DATASET CONTENT

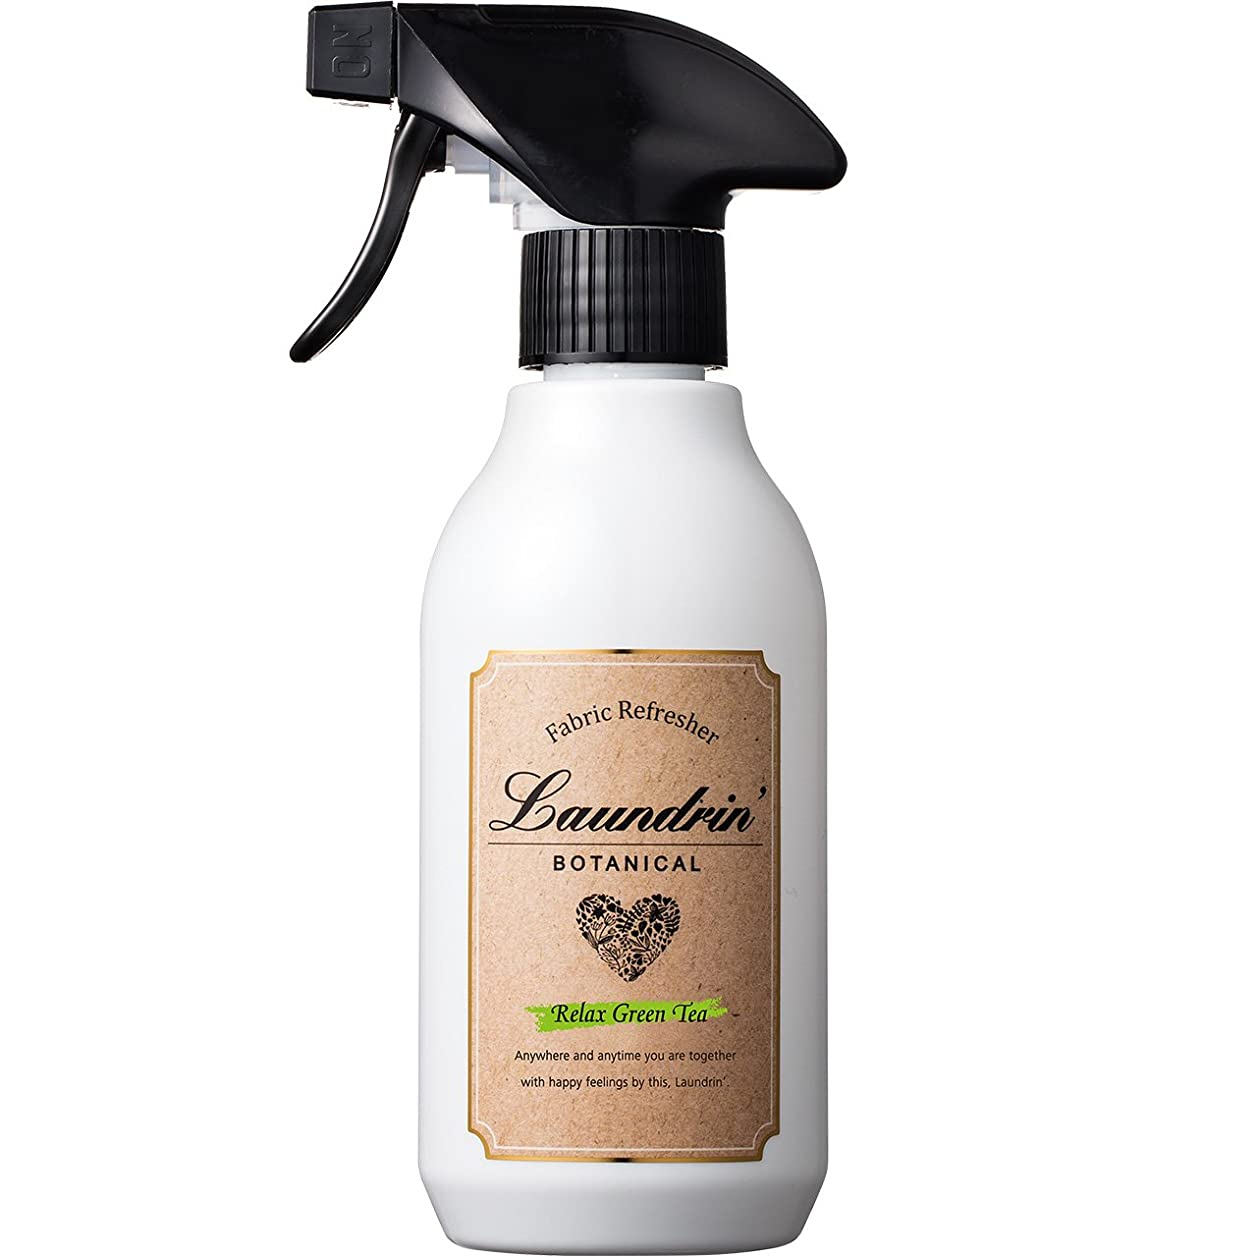 付録評価可能伴うランドリン ボタニカル ファブリックミスト リラックスグリーンティーの香り 300ml
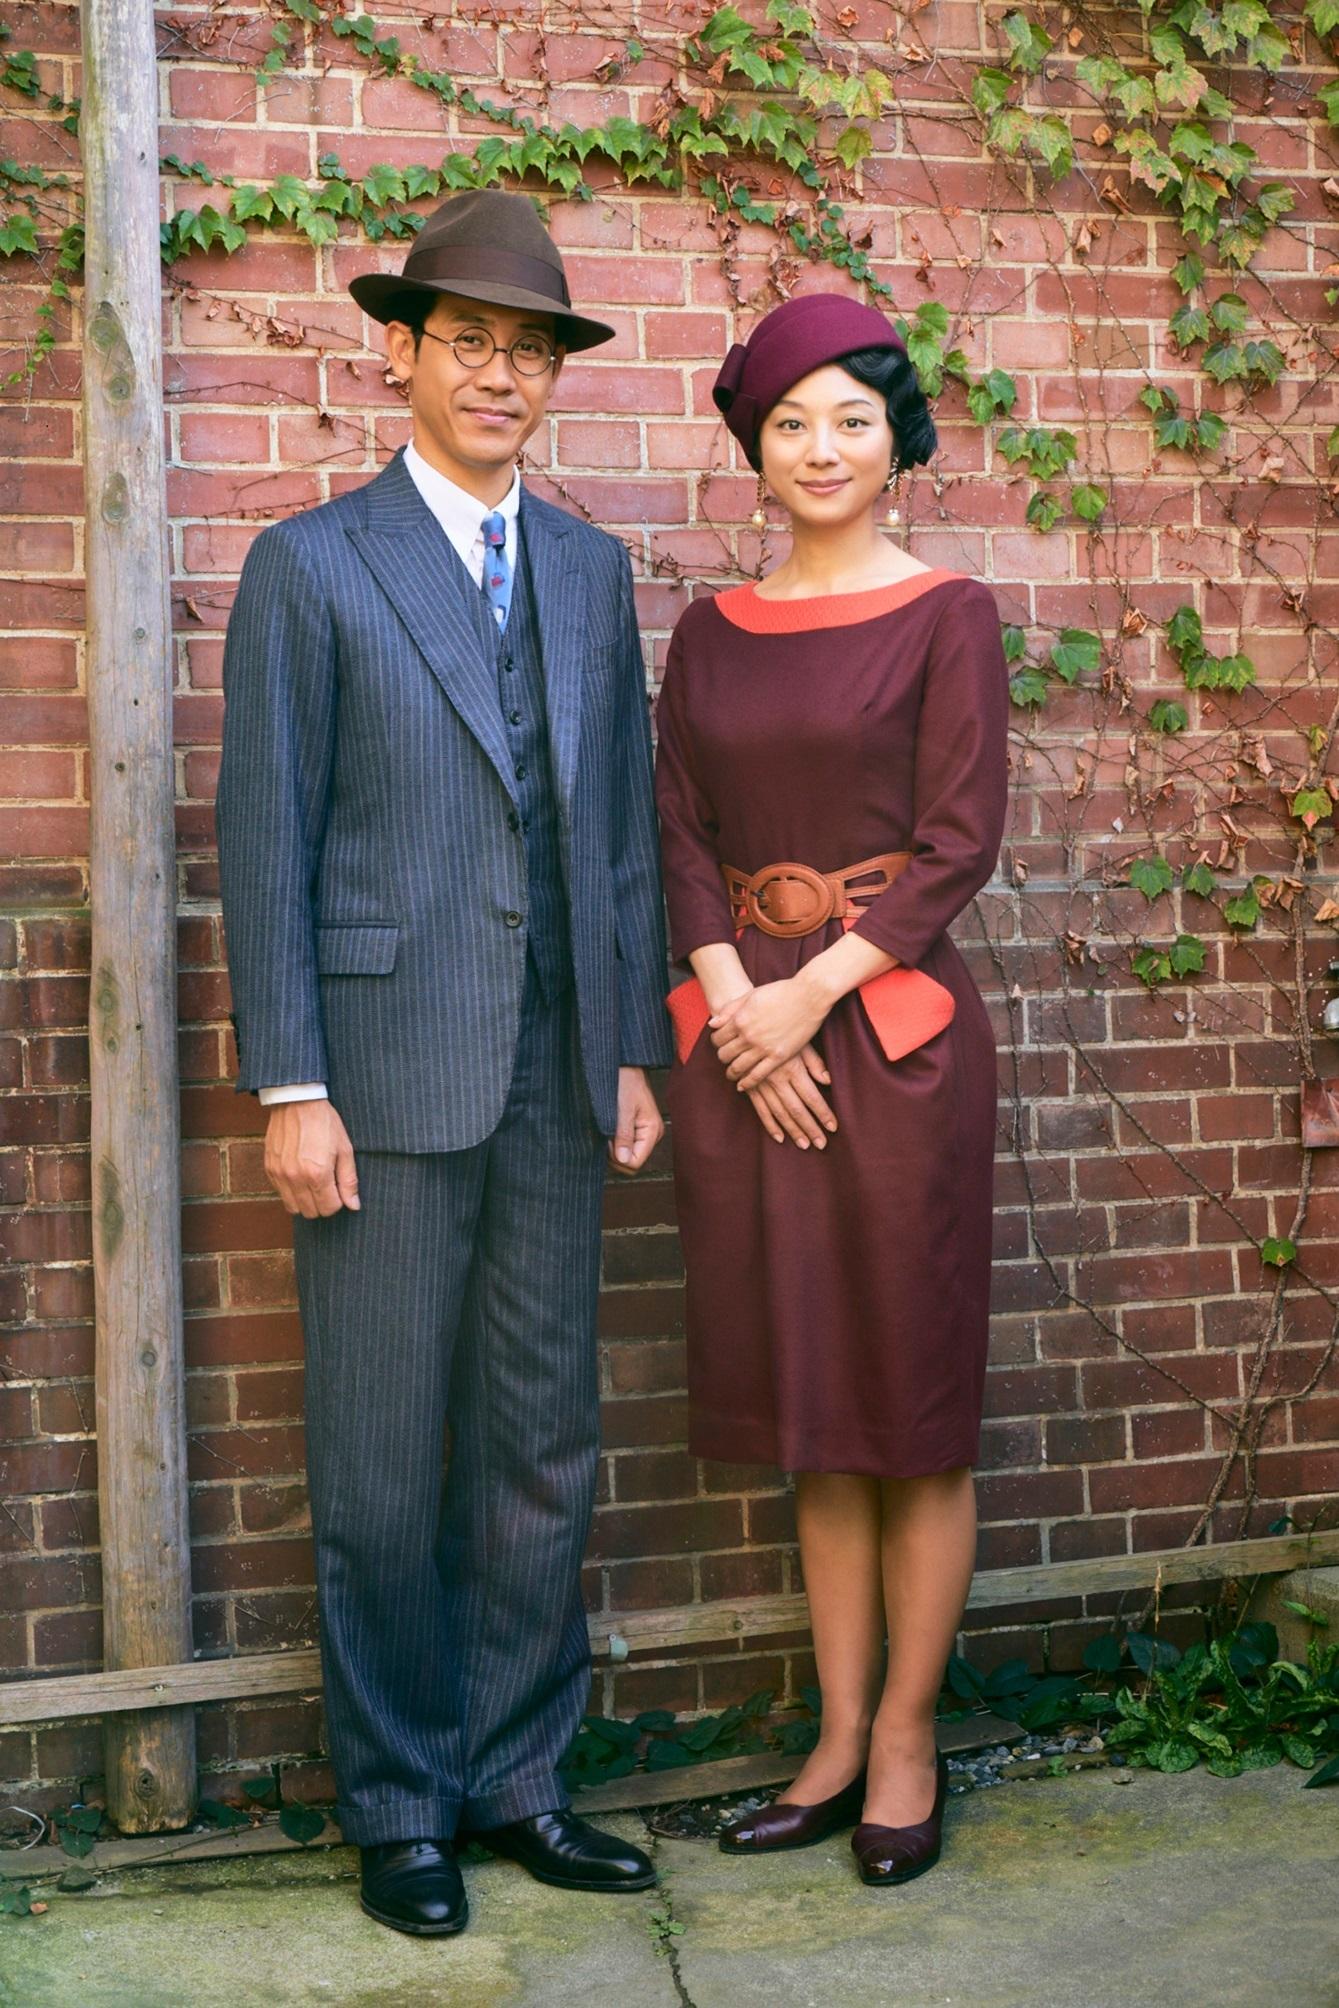 左から、大泉洋、小池栄子 (C)2019『グッドバイ』フィルムパートナーズ
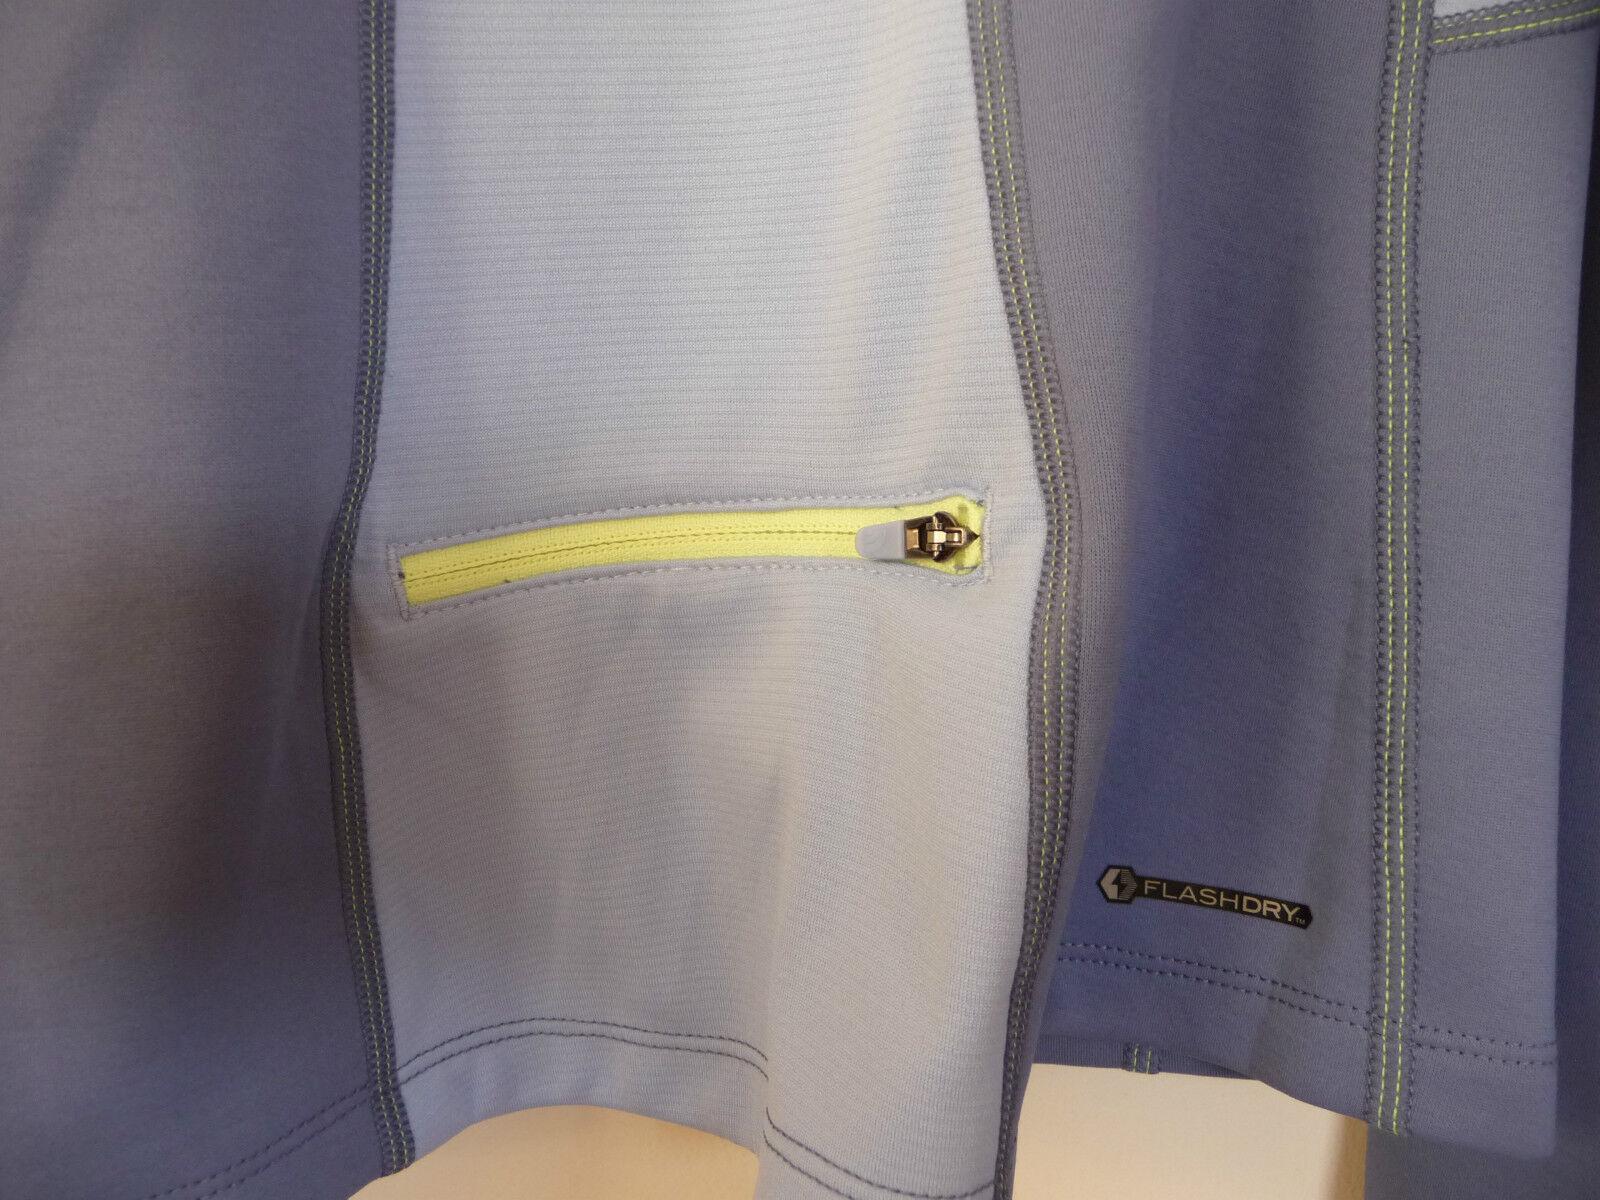 The North Face Damen Dynamik, thermische 1/2 zip l/s-Vlies mittlere Schicht Schicht mittlere XS 7de2ba

DIRECTIONS
The data above, line by line: transcribe it exactly and drop the pictures.

TASK OUTPUT
 付録評価可能伴うランドリン ボタニカル ファブリックミスト リラックスグリーンティーの香り 300ml
 左から、大泉洋、小池栄子 (C)2019『グッドバイ』フィルムパートナーズ
 The North Face Damen Dynamik, thermische 1/2 zip l/s-Vlies mittlere Schicht Schicht mittlere XS 7de2ba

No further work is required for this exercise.